Below are details of the iSPER MIC Groups Spring 2017 seminar programme, with links to related papers. For further information about these seminars please contact Dr Alexander Haupt.
8 March – Dr Panagiotis Tziogkidis (Plymouth University) – The Global Innovation Index – Measurement and Implications – 16:00 – 17:30, Cookworthy Building 404.
This paper investigates the plausibility of the practice of equal weighting in the Global Innovation Index from a policy perspective. On this basis, we examine the discrepancies in innovation efficiency arising from an endogenous weighting approach and investigate the feasibility of policy recommendations arising from the official approach. The results highlight significant differences for low-income countries, for which conclusions derived from the Global Innovation Index may not be feasible. A novel approach is proposed to monitor the degree to which countries divert from equal weighting, should this be deemed a desirable long-run objective.29 March – Kent Matthews (University of Cardiff) – ‘Run for home’ – SME Lending and the Headquarters Bias – 16:00 – 17:30, Cookworthy Building 401.
This paper is aimed at two strands of the empirical literature in banking. First, it tests for the geographical dimension in SME lending as a rebuttal of Petersen and Rajan (2002) on the relevance of relationship banking for SME lending. Second, it examines the Stein (2002) view that large institutions with complex organisational structures are more able to filter ‘hard’ information than ‘soft’ information. Using data on individual bank lending to SMEs and mortgage lending by postcode area for 120 localities in Great Britain for the period 2013(2)-2014(4), we estimate a panel model on 8393 data points. We conjecture that as the same bank makes SME loans and mortgages to the specific postcode area, it would utilise the informational technology of its common organisational structure. Locality and bank fixed effects allow us to disentangle credit supply and demand and to simultaneously control for the unobserved traits of banks and the borrowers in the localities they lend to. Our results show that functional distance between bank headquarters and branches is negatively related to the net underwriting of SME lending but has no impact on mortgage lending. We interpret these results as strong support for the geographical dimension and a vindication of the conventional view that SME lending requires the transmission of ‘soft’ information through the intermediation of a Relationship Manager who has been largely removed from the banking organisation.

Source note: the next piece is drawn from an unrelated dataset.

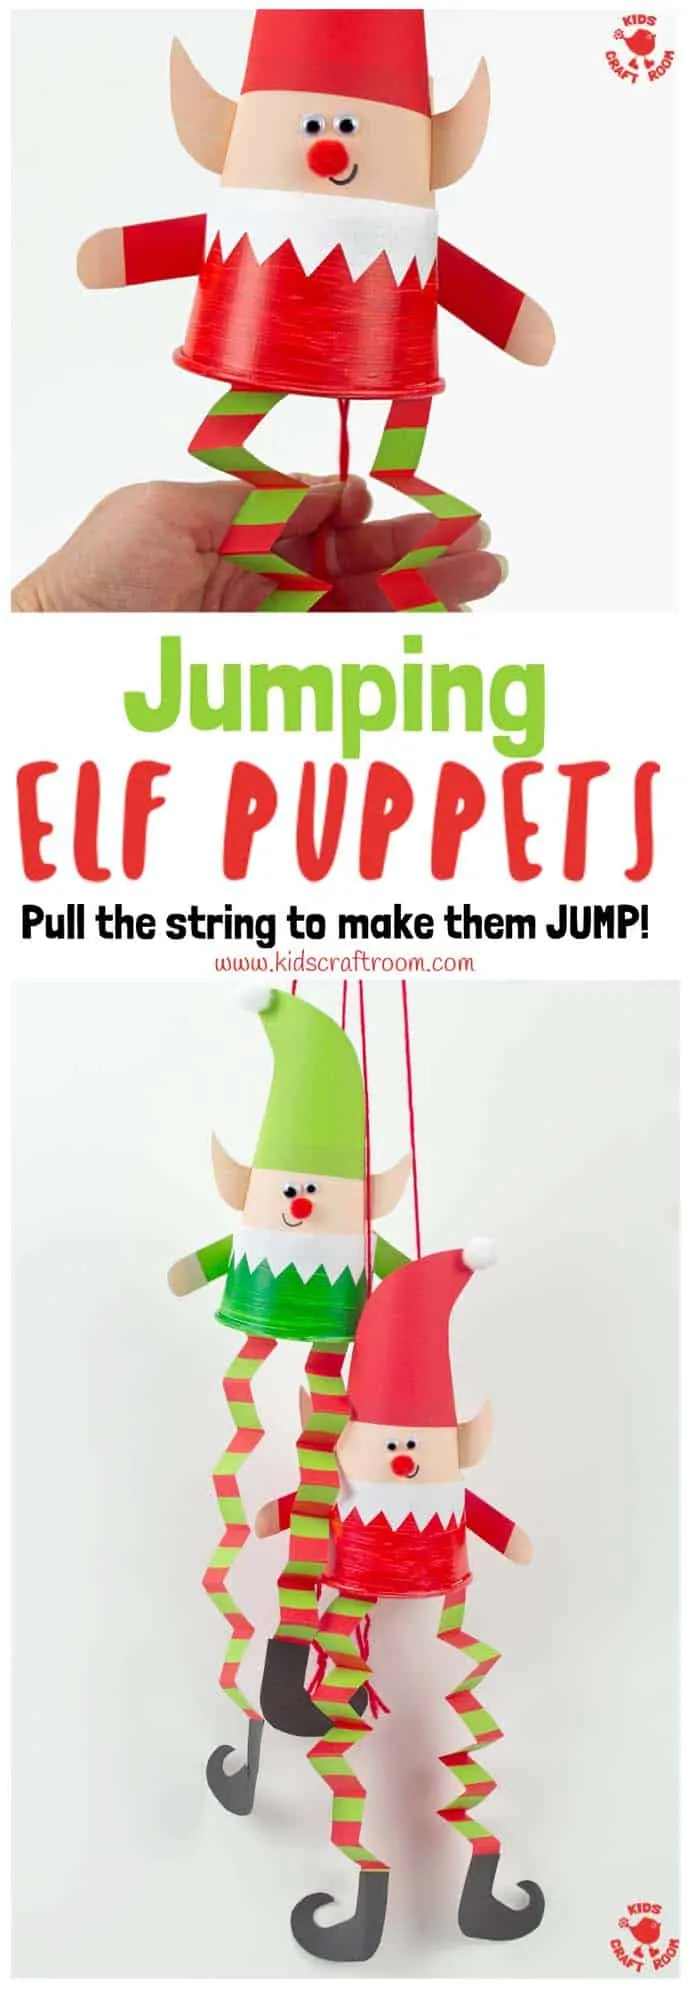 A close up of a hand pulling the strings on the elf puppet.
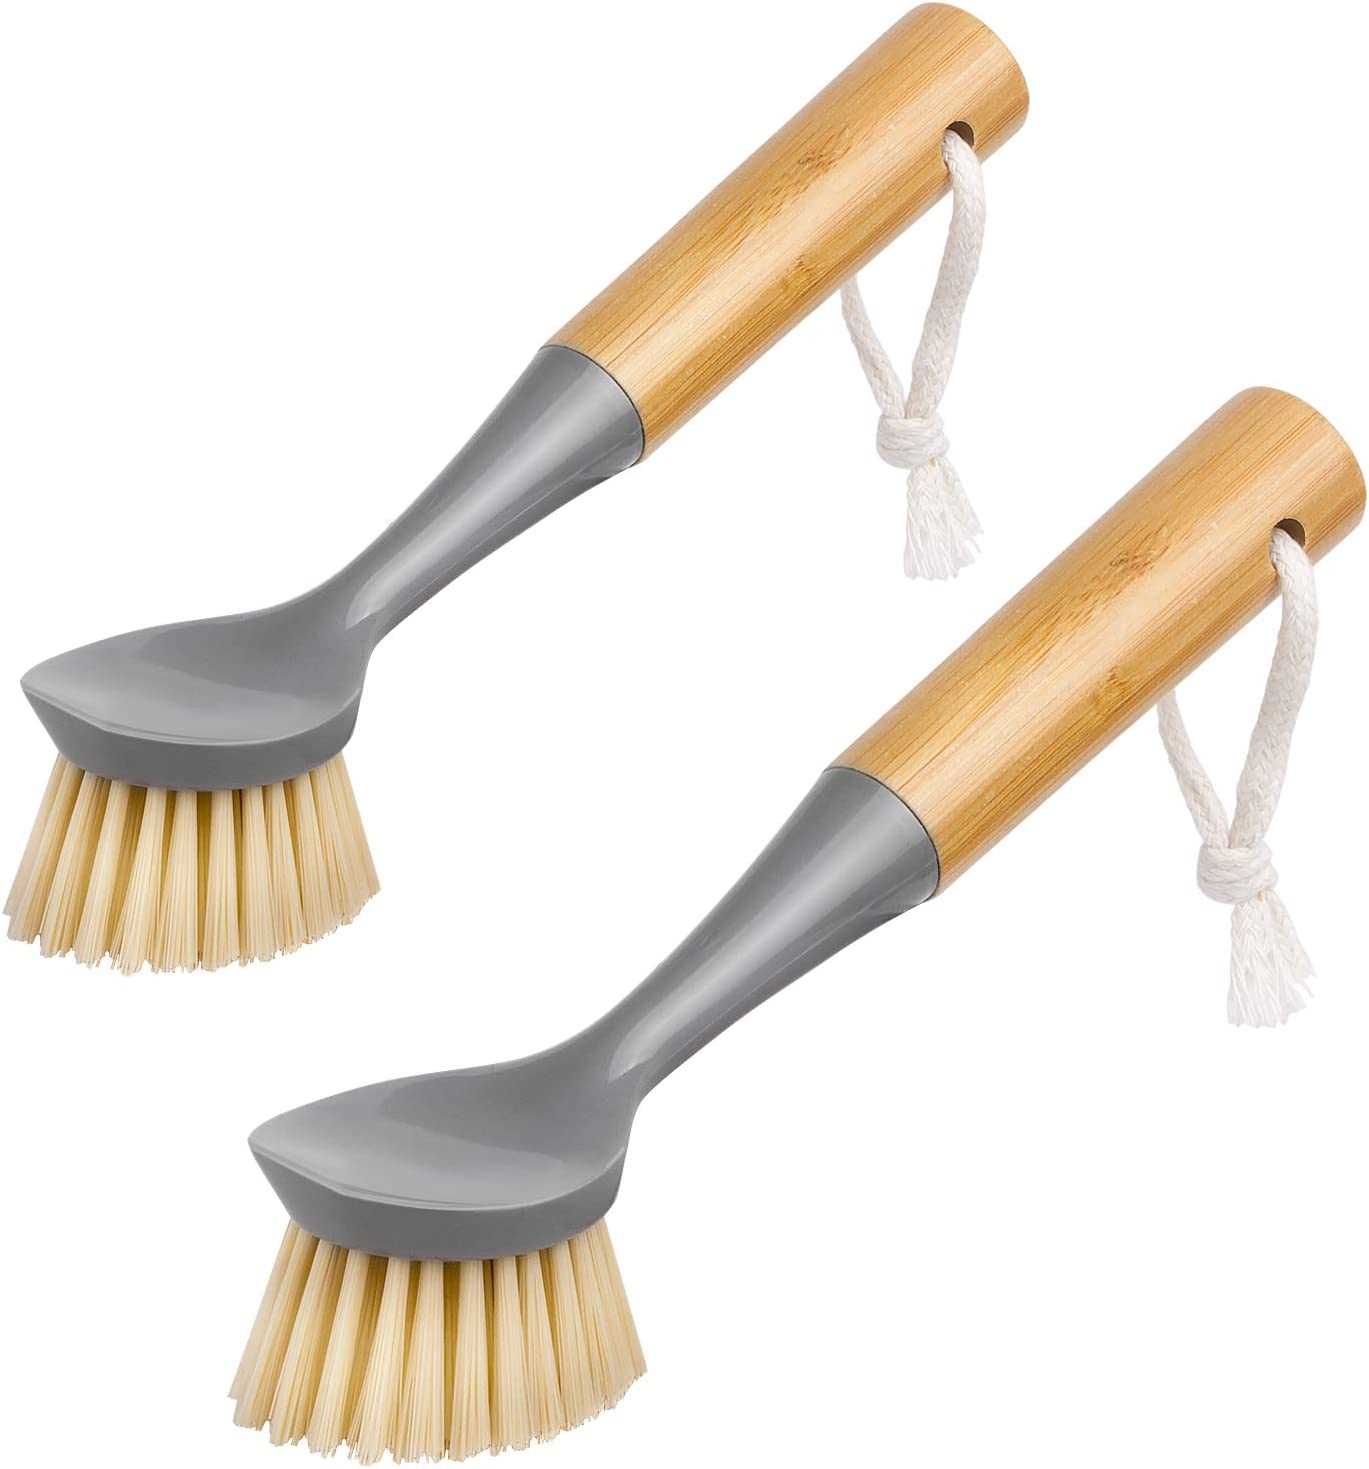 2x Dish Brush with Bamboo Handle Built-in Scraper Scrubbing Brush for Pans Pots Kitchen Sink Cleaning

Read a copy of Kent's paper.The metaphor of the Wild West of America is used in this paper to discuss the current phase of reform. In the 19th century Wild West an open frontier land, with the promise of riches untold, encouraged a desperate race to capitalise on opportunities. Law and regulation were slow to follow the ‘pioneers’ – hence the appropriate sobriquet ‘wild’.
In the English higher education system successive governments have created the conditions necessary to open up a new, unregulated Wild West frontier in the sector. In this paper I chart these precursor actions and policies and discuss how the starting gun has been fired, setting loose a for-profit market free-for-all. Deliberate de- and non-regulation is a central tenet of the government’s approach. This has begun to engender significant market adjustment and ownership/capital restructuring with, I argue, possible fundamental, adverse and extreme implications for the nature and quality of research and teaching in English universities.
Our
proposition is therefore a broader holistic approach to economic democracy that
develops fourfold framing of the concept: (i) workplace; (ii) degree of
associational economic governance; (iii) distribution of economic
decision-making powers across space and sector; (iv) transparency, openness and
democratic engagement of broader population in macro-economic decision-making.
Our
approach is informed conceptually by linking traditional concerns around
economic democracy with philosophical concerns about how we conceive of
democracy as a process rather than majoritarian position (or outcome), and
recognising the importance of democracy in terms of economic and social rights
for, and dignity of individuals. In this way we argue that economic democracy
can be viewed as a conduit to enhancing equity and therefore addressing issues
associated with impoverishment.
In articulating our case, we develop an economic democracy index (EDI), which incorporates the four dimensions identified. The initial findings indicate marked differences in economic democracy between a more ‘social’ approach of northern European capitalism and the Anglo-American model. Eastern European economies do not record high levels of economic democracy. Our findings suggests that there are strong correlations between the EDI and poverty and inequality in OECD member states.